Iman, le premier supermodel noir

Son prénom est à lui seul témoin de sa renommée internationale. Iman, le top model somalien a révolutionné l’industrie de la mode dans les années 80. Ce mardi 27 août, Iman reçoit le Prix Franca Sozzani en hommage à sa carrière et ses engagements humanitaires.

Née le 25 juillet 1955 à Mogadiscio, Iman est le mannequin emblématique des années 80. En près de 20 ans de carrière, le supermodel a fait de son succès un outil pour bousculer les codes de la beauté, ouvrant la voie à des générations de mannequins de couleur.

Si le prénom Iman – qui signifie “foi” en arabe – est celui qu’on lui connaît et qui lui sera attribué à la demande de son grand-père, le supermodel est né Zara Mohamed. D’une mère gynécologue et d’un père diplomate, Iman Mohamed Abdulmajid grandit dans une famille aux idées progressistes. Jusqu’à son adolescence, le futur mannequin grandit entre l’Égypte et le Kenya, une ouverture sur le monde qu’elle affectionne mais qui s’effectue par la force des choses.

Je suis musulmane et l’Egypte a été un endroit très progressiste. Les filles comme moi pouvaient aller à l’école.

En 1972, les tensions politiques poussent la famille Abdulmajid à fuir la Somalie. Dans un entretien accordé à Vogue Arabia en 2018, le supermodel se souvient : “avec l’instabilité politique, mes parents se sont installés en Arabie Saoudite, et j’ai été envoyée en Egypte pour finir le lycée. Du Caire, je me rappelle les attaques israéliennes – le son des sirènes et des éclats de verre – mais c’était aussi un pays auquel il était facile de s’adapter. Je suis musulmane et l’Egypte a été un endroit très progressiste. Les filles comme moi pouvaient aller à l’école.”

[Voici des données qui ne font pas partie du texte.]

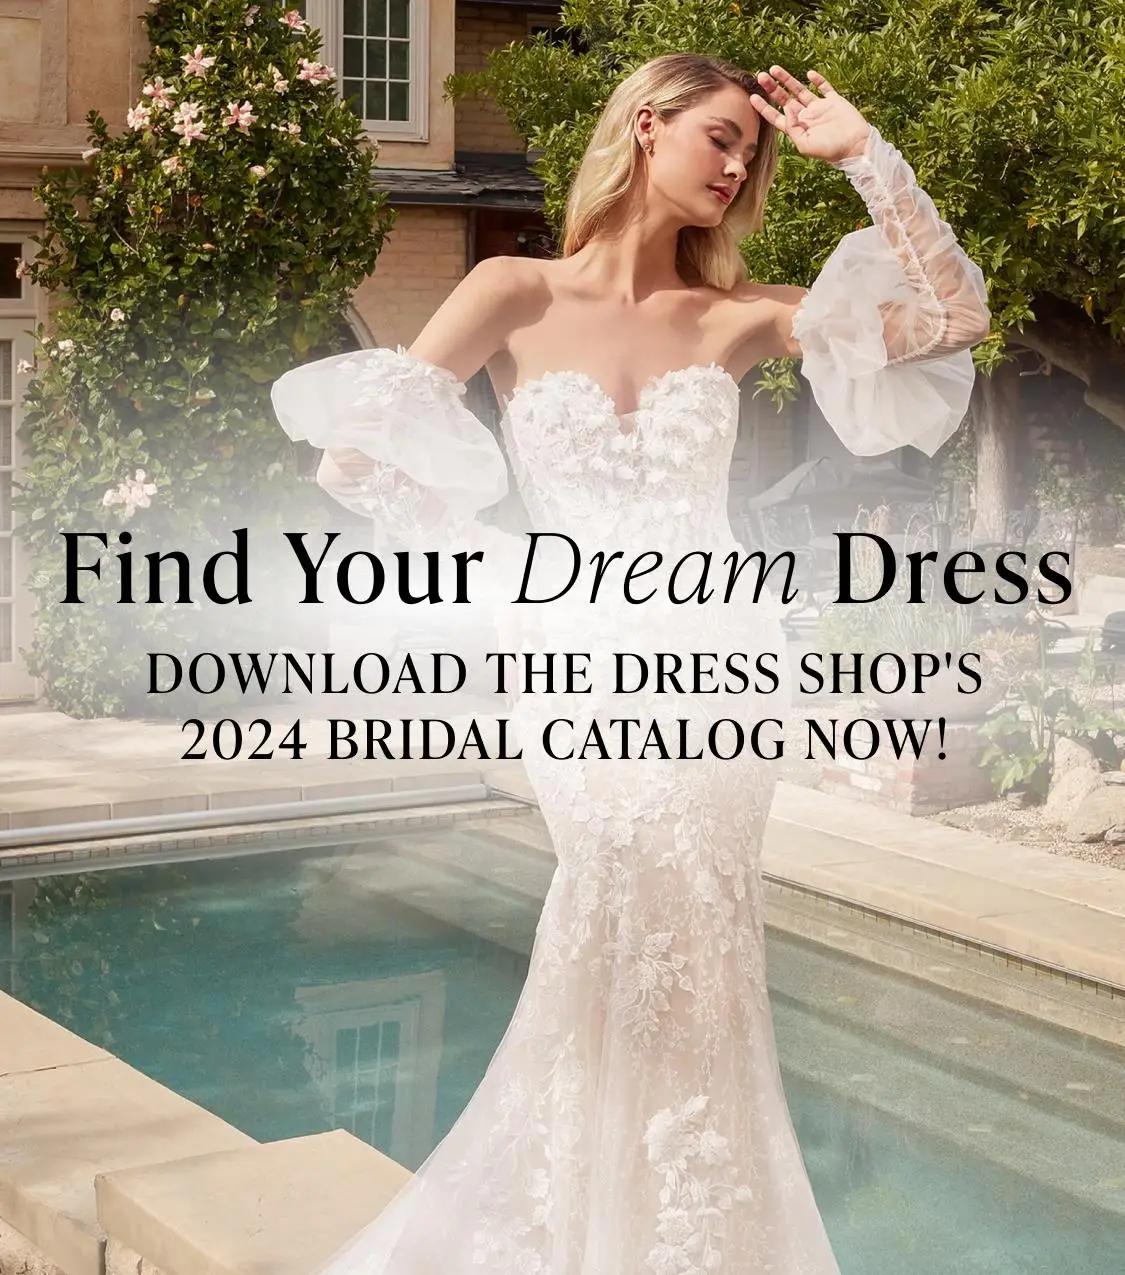 Find Your Dream Dress Mobile Banner

Iman veut marcher dans les pas de son père Mohamed Abdulmajid, diplomate de profession. Après le lycée, elle décide de poursuivre des études en sciences politiques et s’installe à Nairobi, où elle fait bientôt une rencontre qui va changer sa vie. 

Nous sommes en 1975. Sur le chemin de l’école, Iman, 20 ans, croise la route du photographe américain Peter Beard. Subjugué par le physique de la somalienne – son long cou, son mètre 75 et ses gracieux traits de visage – le photographe souhaite immortaliser sa beauté mais Iman ne se laisse pas approcher si facilement. Peter Beard insiste et propose de la rémunérer. La jeune étudiante entre alors en négociations : le prix à payer sera celui de ses frais de scolarité, estimés à 8,000$. Le photographe accepte et Iman se prête au jeu de la séance photos. Le début d’un immense succès.

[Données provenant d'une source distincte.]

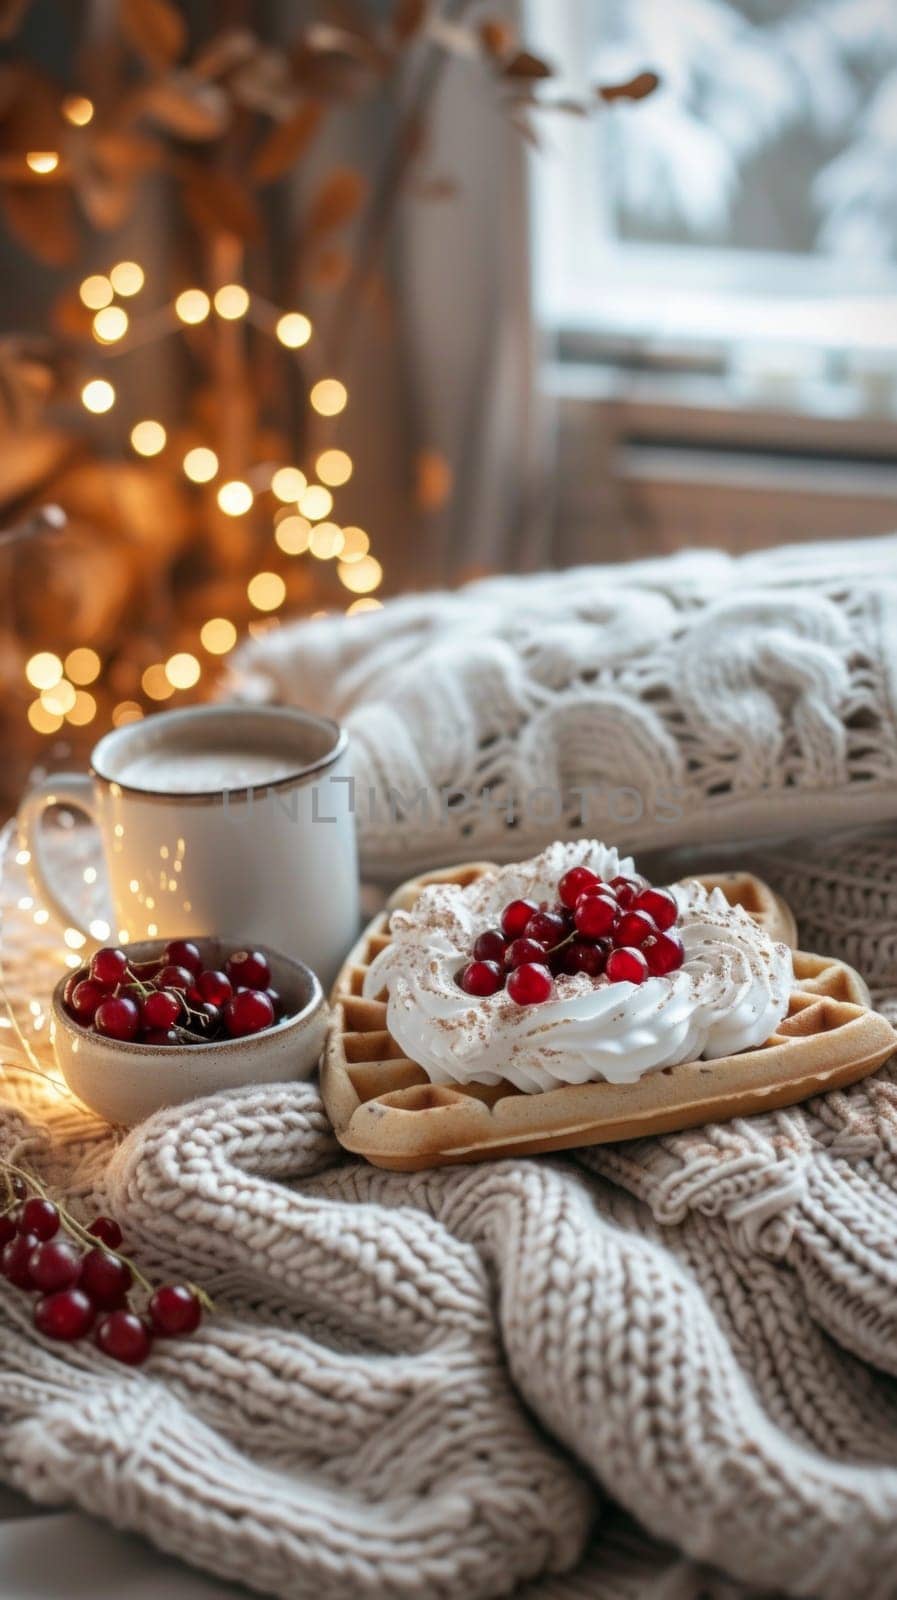 A waffle with cherries and whipped cream on a bed

De retour à New York, Peter Beard contemple ses clichés et s’empresse de vanter les qualités de sa “découverte” kényane, quitte à déformer la réalité. Dans la presse américaine, le photographe propage de fausses informations à propos d’Iman. Elle serait membre d’une famille royale africaine, et aurait été “trouvée” par Beard lui-même au beau milieu de la jungle. Pire, le photographe américain parle d’Iman comme d’une beauté noire qui “ne parle pas un mot d’anglais”. En vérité la fille de diplomate parle couramment 5 langues, mais le microcosme de la mode croit naïvement à cette supercherie qui n’a d’autre but que la publicité. Le “mythe Iman” est créé.

Les gens me décrivaient comme si je n’étais pas humaine, comme si je venais d’un autre monde.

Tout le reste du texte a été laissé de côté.